There is now a Central Govt Transparency Board. Also local government – particularly England and Wales are doing well. The Scottish Govt are championing transparency although less through open data. Scottish Local Authorities – only two publishing open data. See http://openlylocal.com/councils/open?country=Scotland
The push – includes accountability; citizen choice;and the ‘Big Society’. Data needs to be findable, licenced, and in usable format.
An illustration: The Government Statistics unit refused to release open data. They published a PDF. A newspaper then asked an intern to retype it as copy, but that person unfortunately added a mistake. The headline which was based on the consequently-inaccurate data was completely wrong and very negative. The newspaper did publish a subsequent retraction – but it was buried on p29. Nobody saw it (compared to the front page headline). The statistics unit now see the case for publishing openly.
4,000+ datasets. Permission to reuse – very open license. Usable formats: CSV, API, Linked Data. The site has Featured Data examples.
There is a big community ethos on the site – wiki, discussion forums, blogs. There’s also a gallery of APPs created by community.
A Five Star Guide to making data available has been created by – Tim Berners Lee / Nigel Shadbolt. There is a link in the slideshow below. Citizens can request data from http://data.gov.uk.
What is coming next? More, better, data. Opening up the catalogue, allow community-submitted data, reduce barriers – easier to publish, easier to link (eg Gridworks – now http://code.google.com/p/google-refine/), choice in re-use.
Finally, remember, there are opportunities for volunteers to help charities to make use of the data.
Linked Data – Data on the Web: Richard Wallis / Tallis
There are lots of examples. Mostly graphic – data hidden beneath rich interfaces. Linked data is an approach to publishing data. It is easy to publish, easy to consume. It goes further than CSV. It covers both the data model and practices. But it requires extra technology today.
It is not about publishing data per se. It is a way of describing things and connecting things on the web.
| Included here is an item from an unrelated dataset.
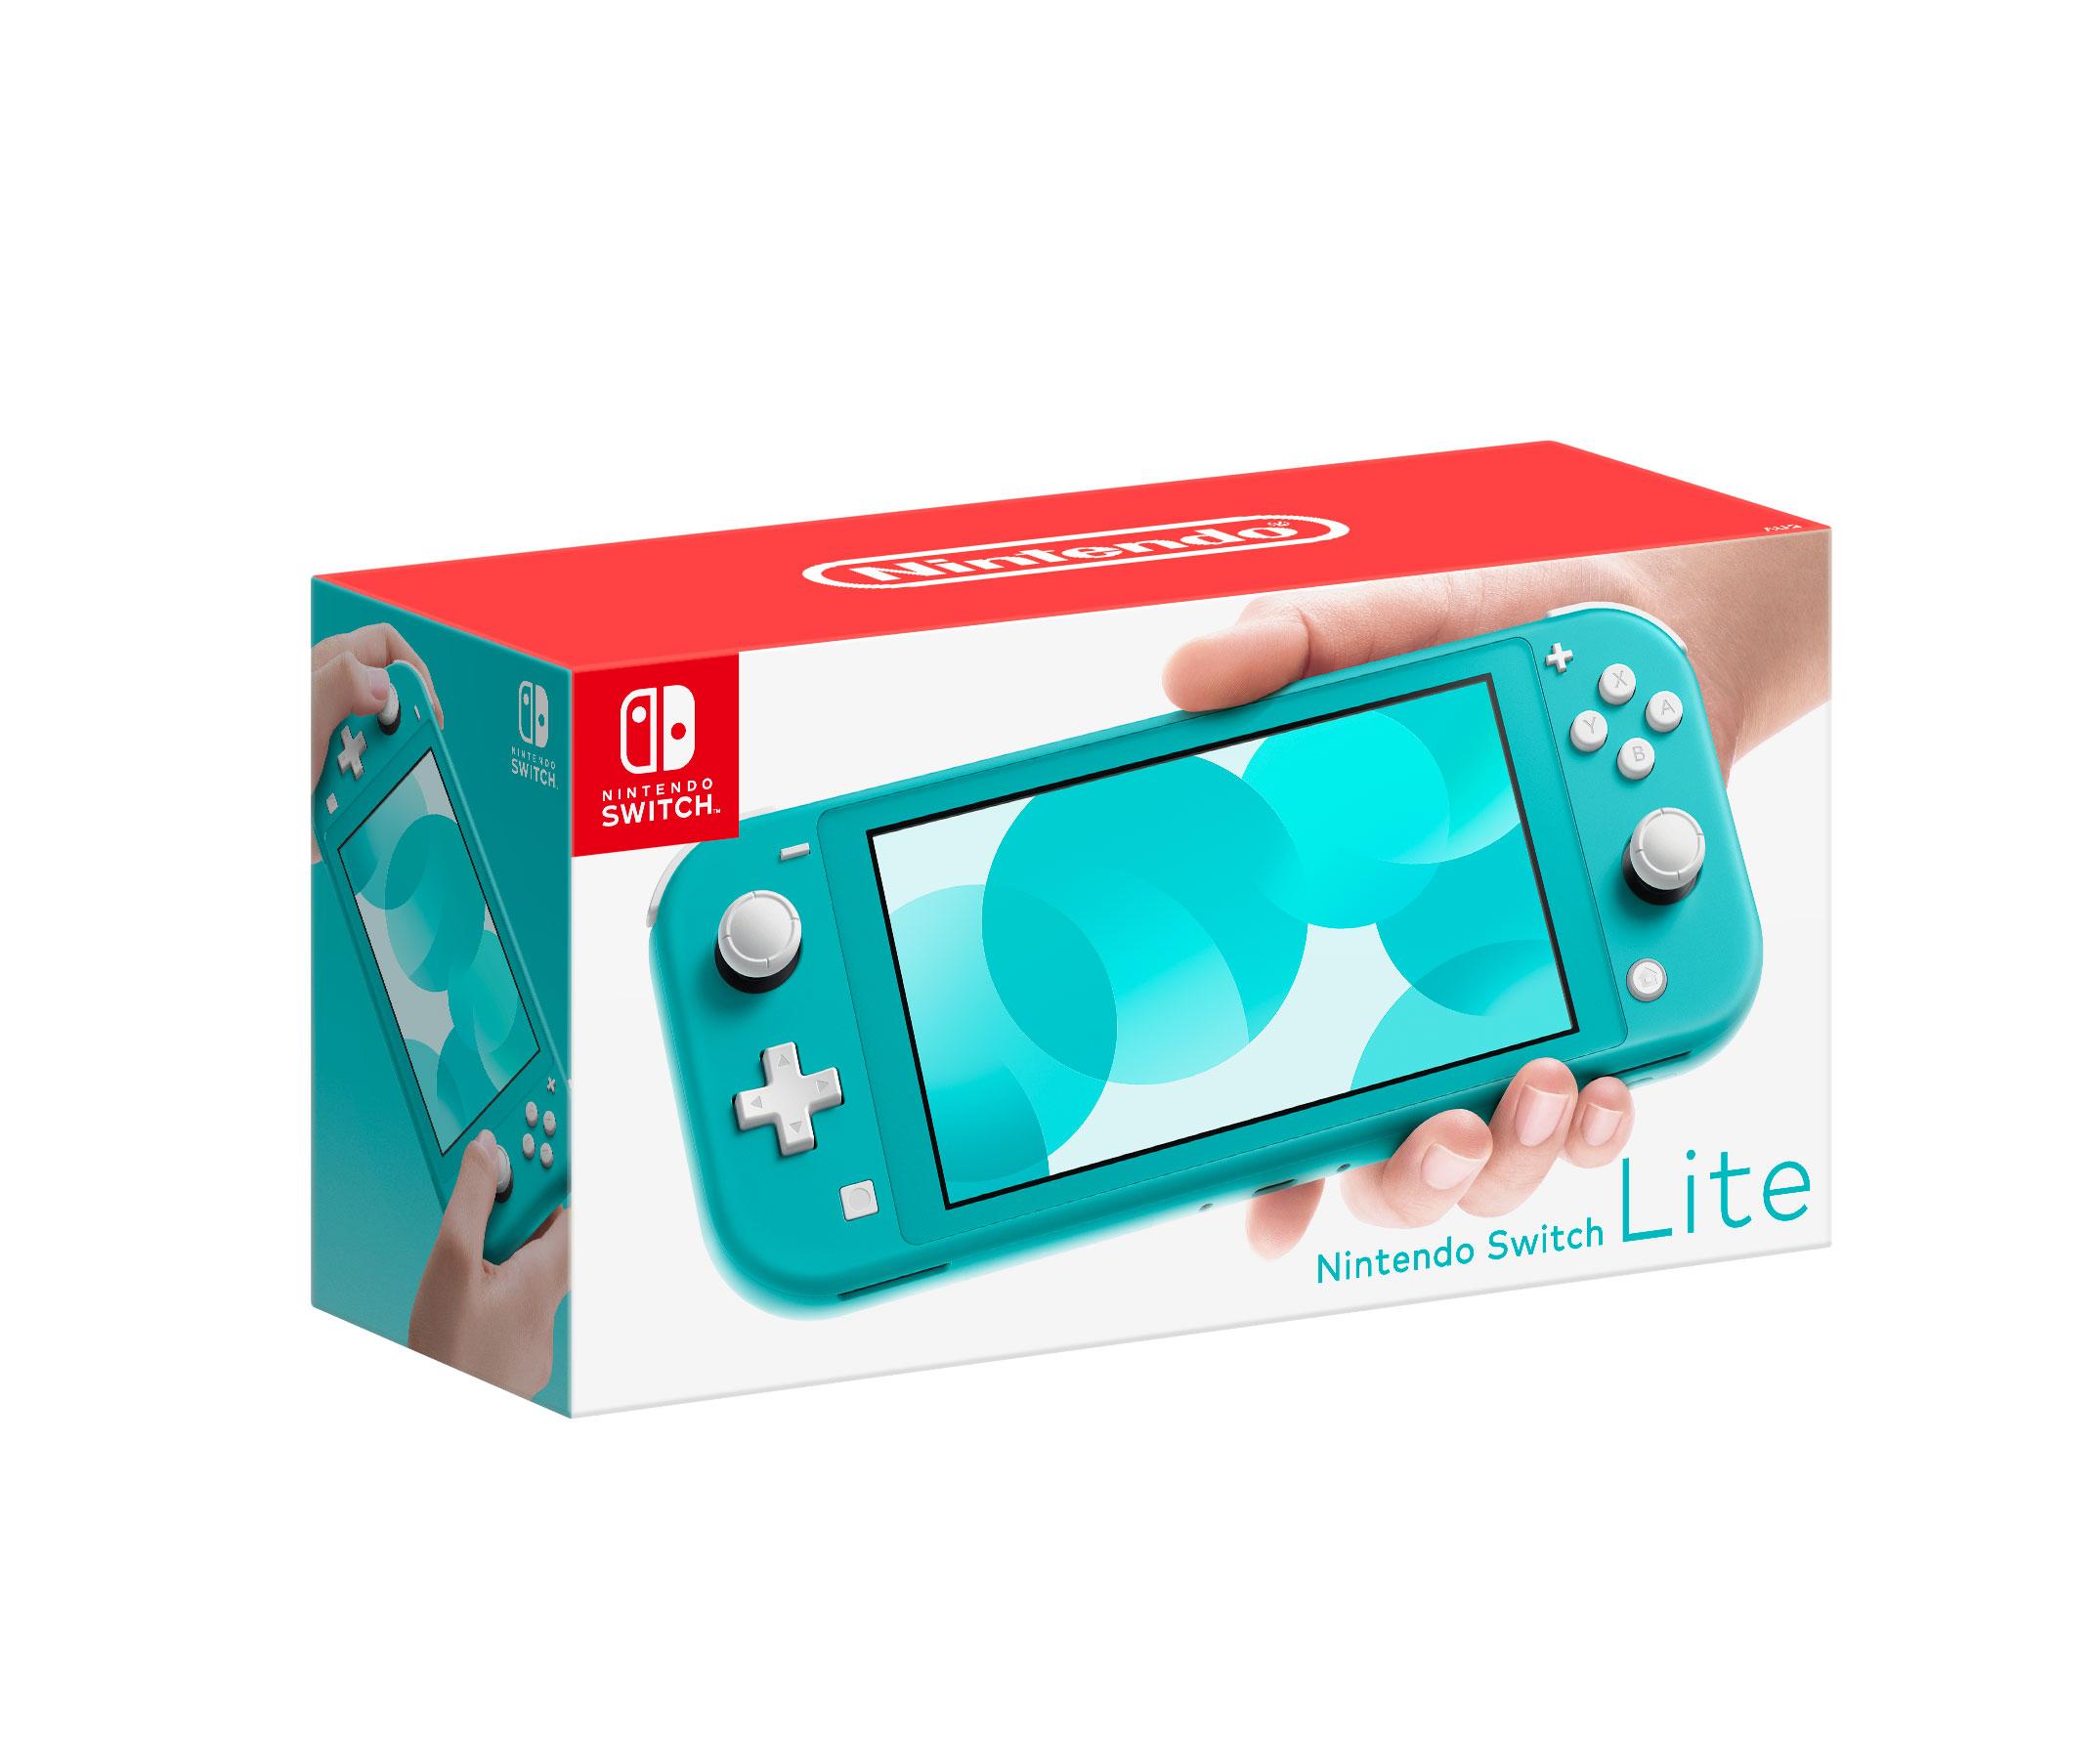 Nintendo Switch Lite - Turquoise Packshot.jpg

Web of Data is a semantic web. eg Book is linked to Author and the link has meaning (is author).
There is a massive web of linked data centred on DBpedia. (http://dbpedia.org/About)
There are some significant global organisations using linked data behind firewalls (and often linking to open external data sets) to drive business intelligence.
The BBC Natural History site – which is built on RDF, assisted by Tallis. eg Mallard duck entry. RDF explains relationships between things. http://www.bbc.co.uk/nature/life/Mallard
Tallis BIS example was built in three weeks. Mixes several data sources and present in accessible fashion.
Comparison: RDF is to Linked data is as HTML was for webpages 1995. It is almost the opposite of RDBMS – not stand alone systems. Makes data part of the web.
You still need to decide who to trust – anyone can say anything.
http://www.slideshare.com/mmmmmrob get this slide show
Challenges, data and tools – Ordnance Survey: Ian Holt, Ordnance Survey
This is a free service – you can build a site and service about 250 people per day using site (approx. 65,000 tiles per day)
The Webmap Builder offers easy introduction – wizard-driven
Gallery of examples. Developer Community forum. Very active.
API offers huge feature set.
Some great OS Data Mash ups.
Geovation Challenge: Chris Parker ordnance Survey
Covers climate change challenges – public, private, civil society, communities and individuals.
Link to NESTA.
Do’s and Don’ts of opening up data.
Innovation projects which focus on people’s needs 70% success rate – deliver double those that don’t.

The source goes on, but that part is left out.